Amicus Briefs
Black v. SEC and FINRA
CASE SUMMARY
NCLA asks the U.S. Fourth Circuit Court of Appeals to set aside SEC’s partial affirmance of a sanction FINRA illegally imposed on a North Carolina securities firm and its principal owner, Frank Black. FINRA investigates, prosecutes, and punishes hundreds of securities firms and brokers every year for alleged violations of federal securities laws and rules, without meaningful supervision by any presidentially appointed U.S. government officer.

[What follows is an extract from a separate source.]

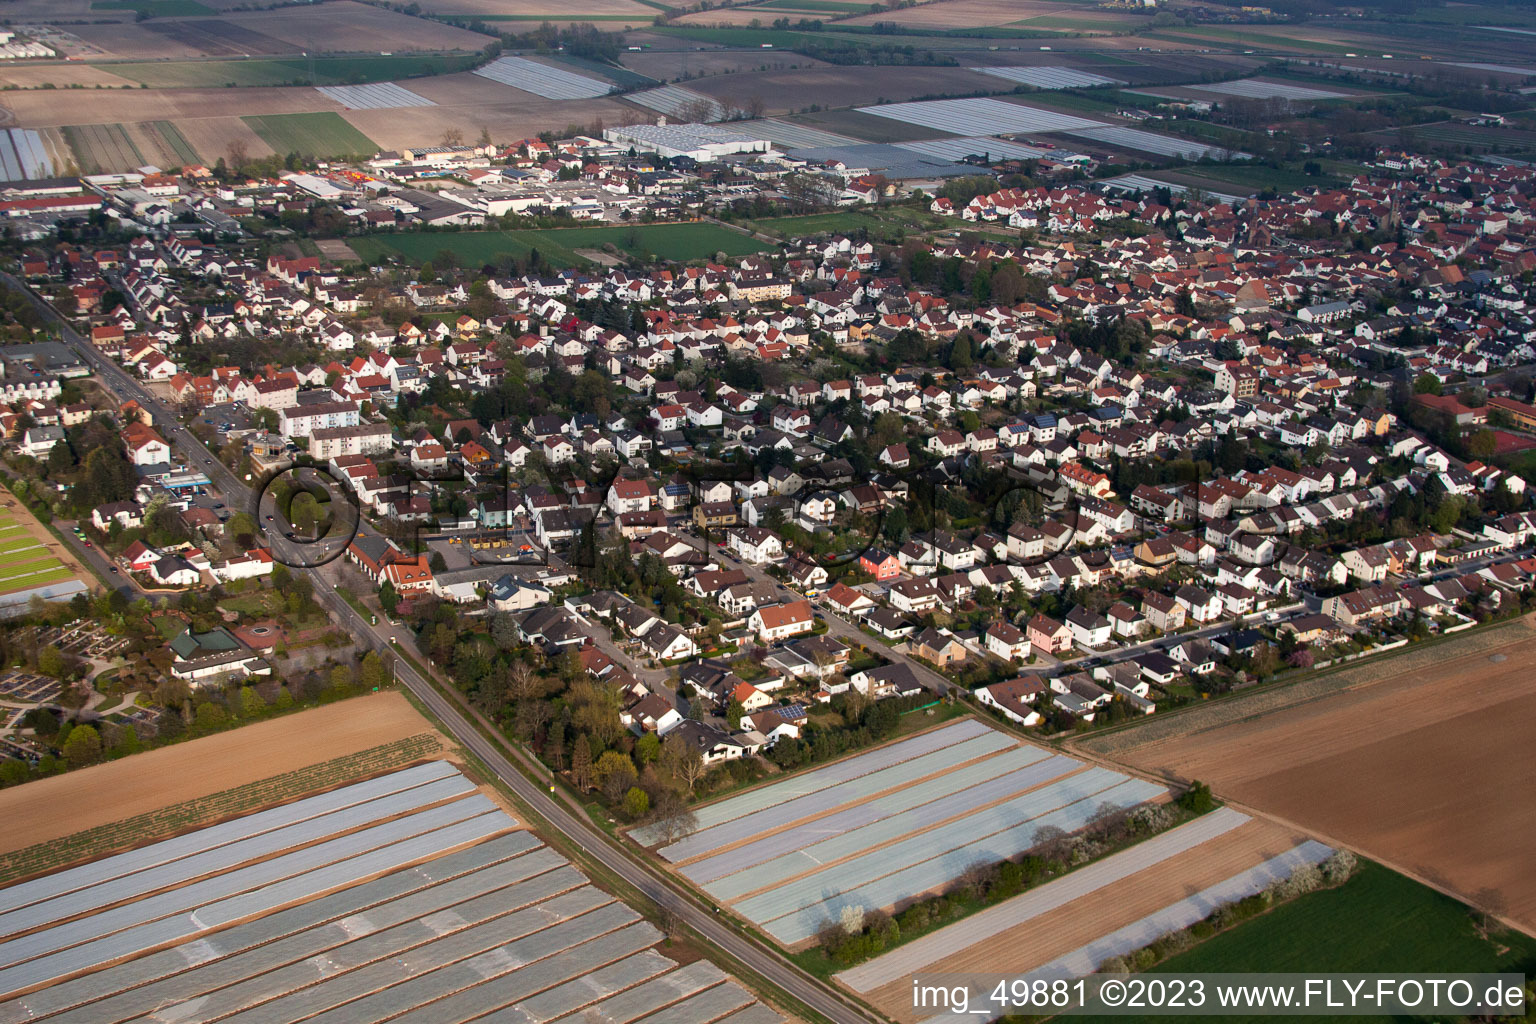 Oblique view of District Dannstadt in Dannstadt-Schauernheim in the state Rhineland-Palatinate, Germany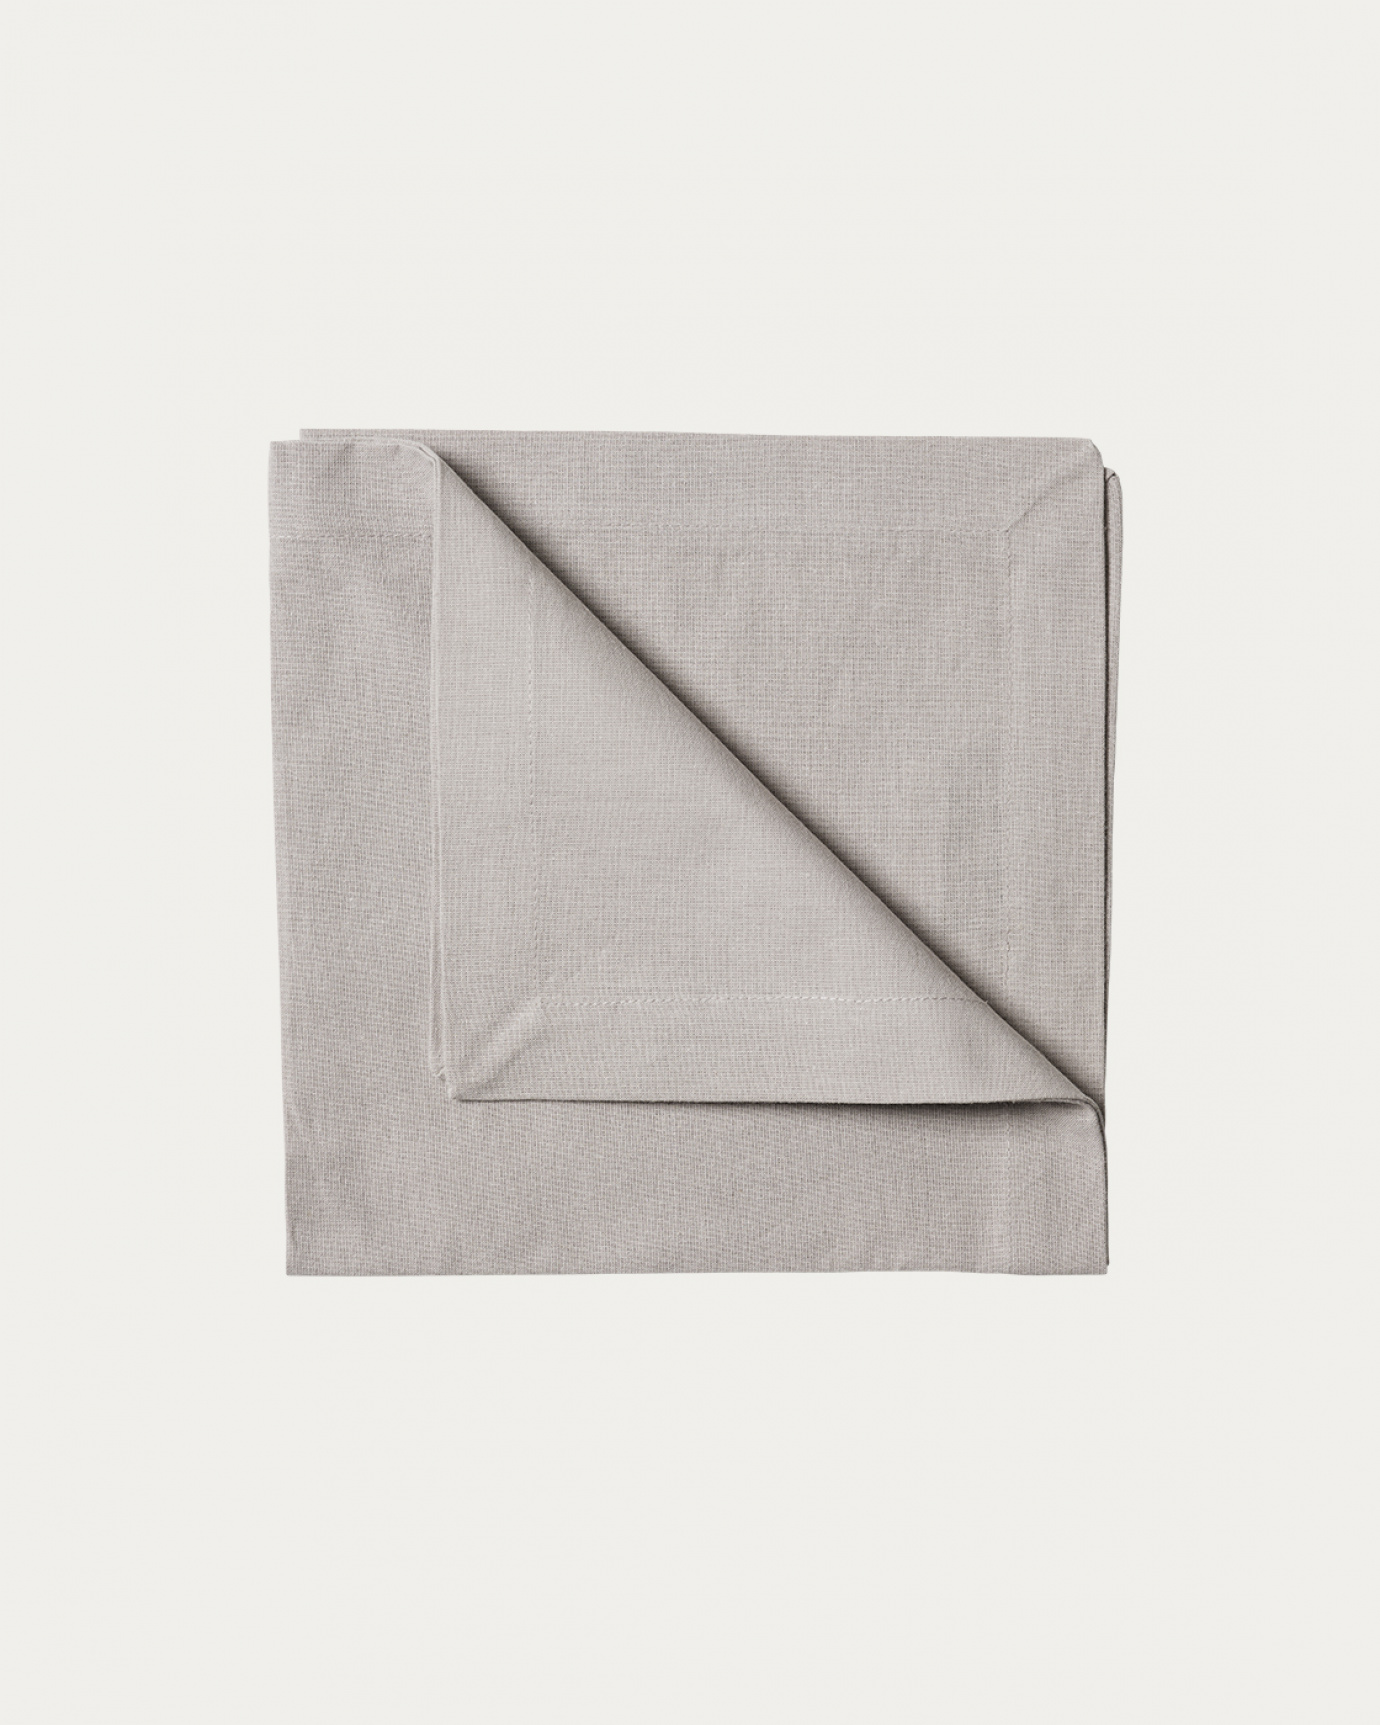 Produktbild ljusgrå ROBERT servett av mjuk bomull från LINUM DESIGN. Storlek 45x45 cm och säljs i 4 pack.

FINRA is a nominally private non-profit corporation regulating the securities brokerage industry, subject to SEC oversight. It wields vast legislative, executive, and adjudicatory powers over more than 600,000 individual brokers and thousands of broker-dealer firms nationwide. In a typical year FINRA bars hundreds of brokers from the securities industry and imposes tens of millions of dollars in aggregate fines against industry participants. FINRA claims it is not a “state actor”—leaving it unbound by most constitutional restraints when it investigates, prosecutes, and punishes alleged wrongdoers. But when private actors wield substantial executive power ordinarily performed by government officials, as FINRA does, Article II of the Constitution and the so-called private nondelegation doctrine demand pervasive governmental supervision and oversight.
That oversight and supervision is woefully lacking during FINRA enforcement investigations and disciplinary proceedings. SEC provides virtually no real-time supervision or direction of FINRA’s law enforcement activities. Indeed, in most cases, SEC commissioners are oblivious to FINRA’s investigatory and prosecutorial activities, even as those activities routinely threaten fines and other career-altering sanctions against American citizens. FINRA cannot evade the Constitution’s appointment, removal, due process, and jury trial requirements by claiming to be a mere private actor, while simultaneously wielding vast, unsupervised governmental power. If FINRA insists on being treated as a purely private actor, its unsupervised investigation, prosecution, and punishment of Mr. Black and his firm were blatantly unconstitutional and its resulting FINRA sanctions should be cancelled.